Now let $n \ge 1$ and suppose we have a trajectory that visits $V'$ at least $n$ times : we have a $w \in X$ and $n$ indices $m_1 \ldots m_n$ such that $w_i = f^{m_i}(w) \in V'$. If any two $w_i$ are equal then the trajectory is periodic and we are done. If not, since $w_1$ isn't an isolated point, there is a point $z \in V'$ such that $z$ is distinct from all the $w_i$.
Then pick $d>0$ such that the open balls $B_i = B(w_i,d)$ and $B_0 = B(z,d)$ are pairwise disjoint and contained in $V'$. Since all the $f^{m_i-m_1}$ are continuous, we can find $\epsilon > 0$ such that $f^{m_i-m_1}(B(w_1,\epsilon)) \subset B_i$ forall $i \in \{1 \ldots n\}$.

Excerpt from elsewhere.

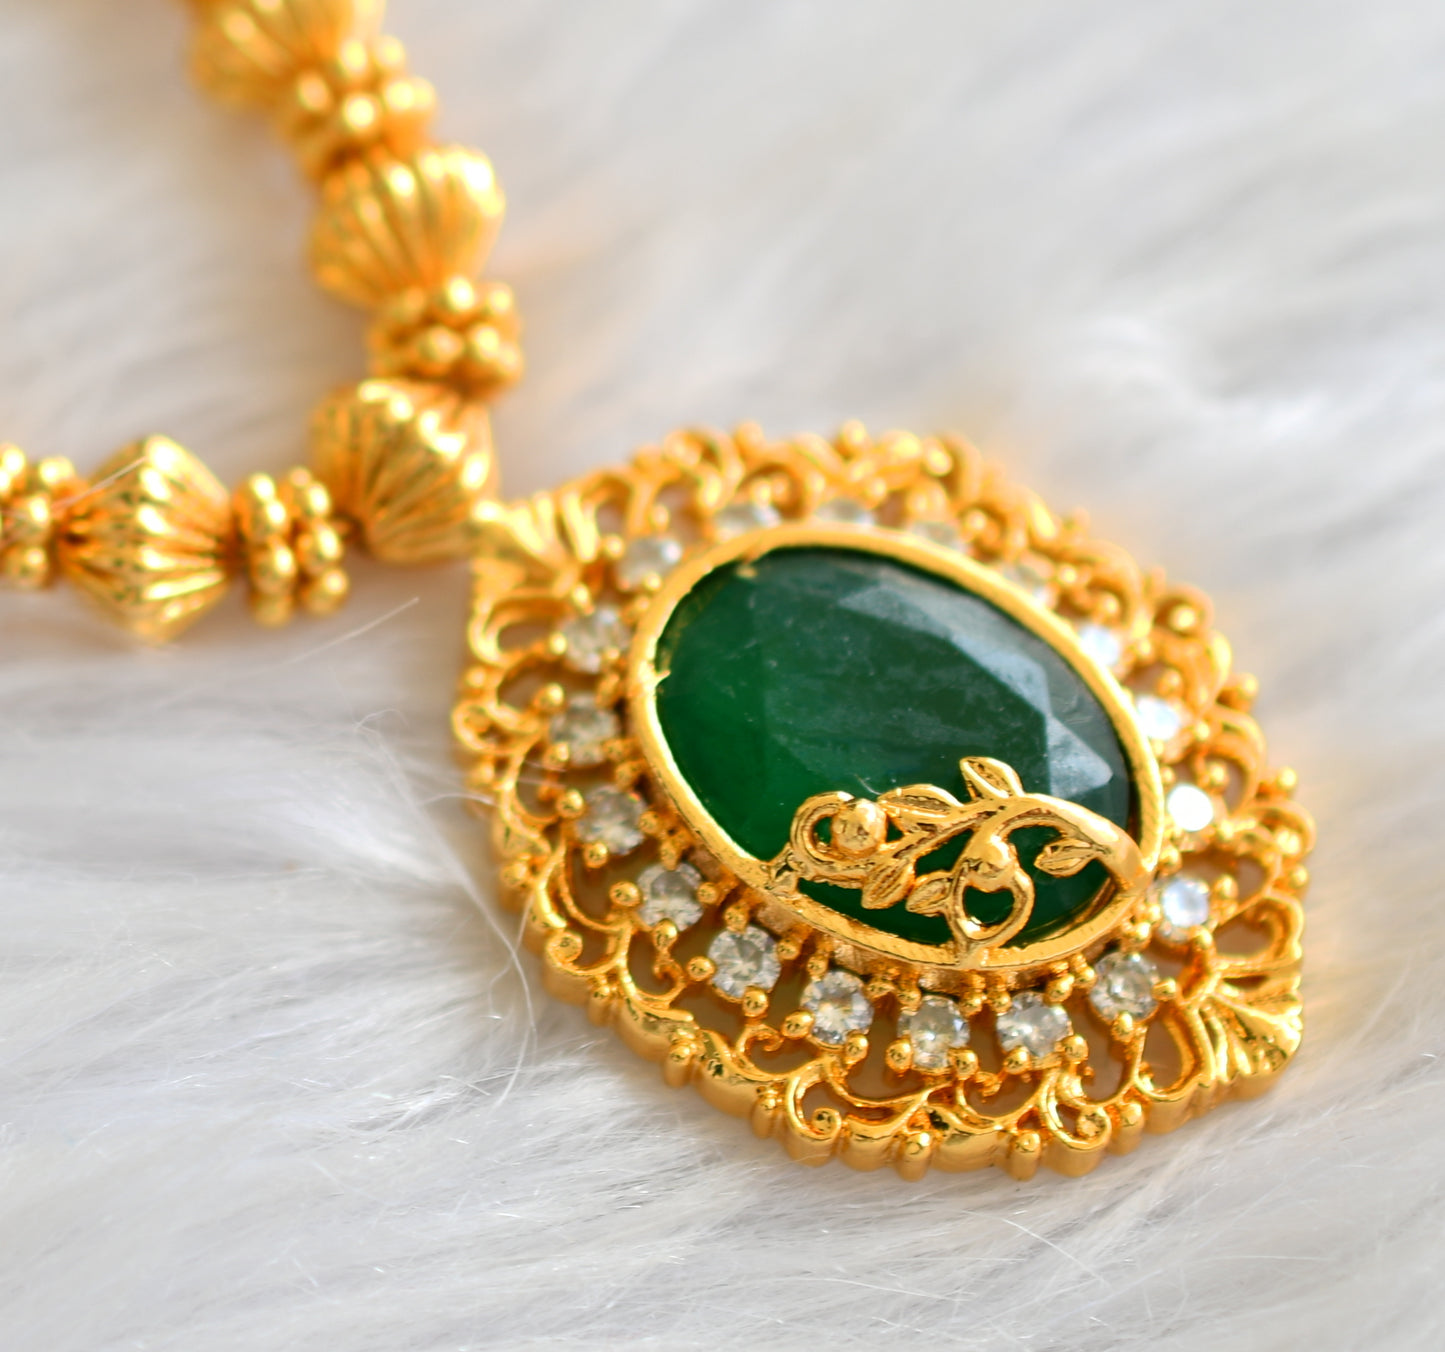 Gold tone cz white-green oval necklace dj-43264

Now we apply your hypothesis with $\epsilon$, $z$, and $w_1$. This tells us that there exists a trajectory that comes within $\epsilon$ of $z$ and $w_1$. From our choice of $\epsilon$, we deduce that this trajectory comes within $d$ of $z$ and all of the $w_i$. Since those $n+1$ balls are disjoint and contained in $V'$, this trajectory does meet $V'$ at least $n+1$ different times.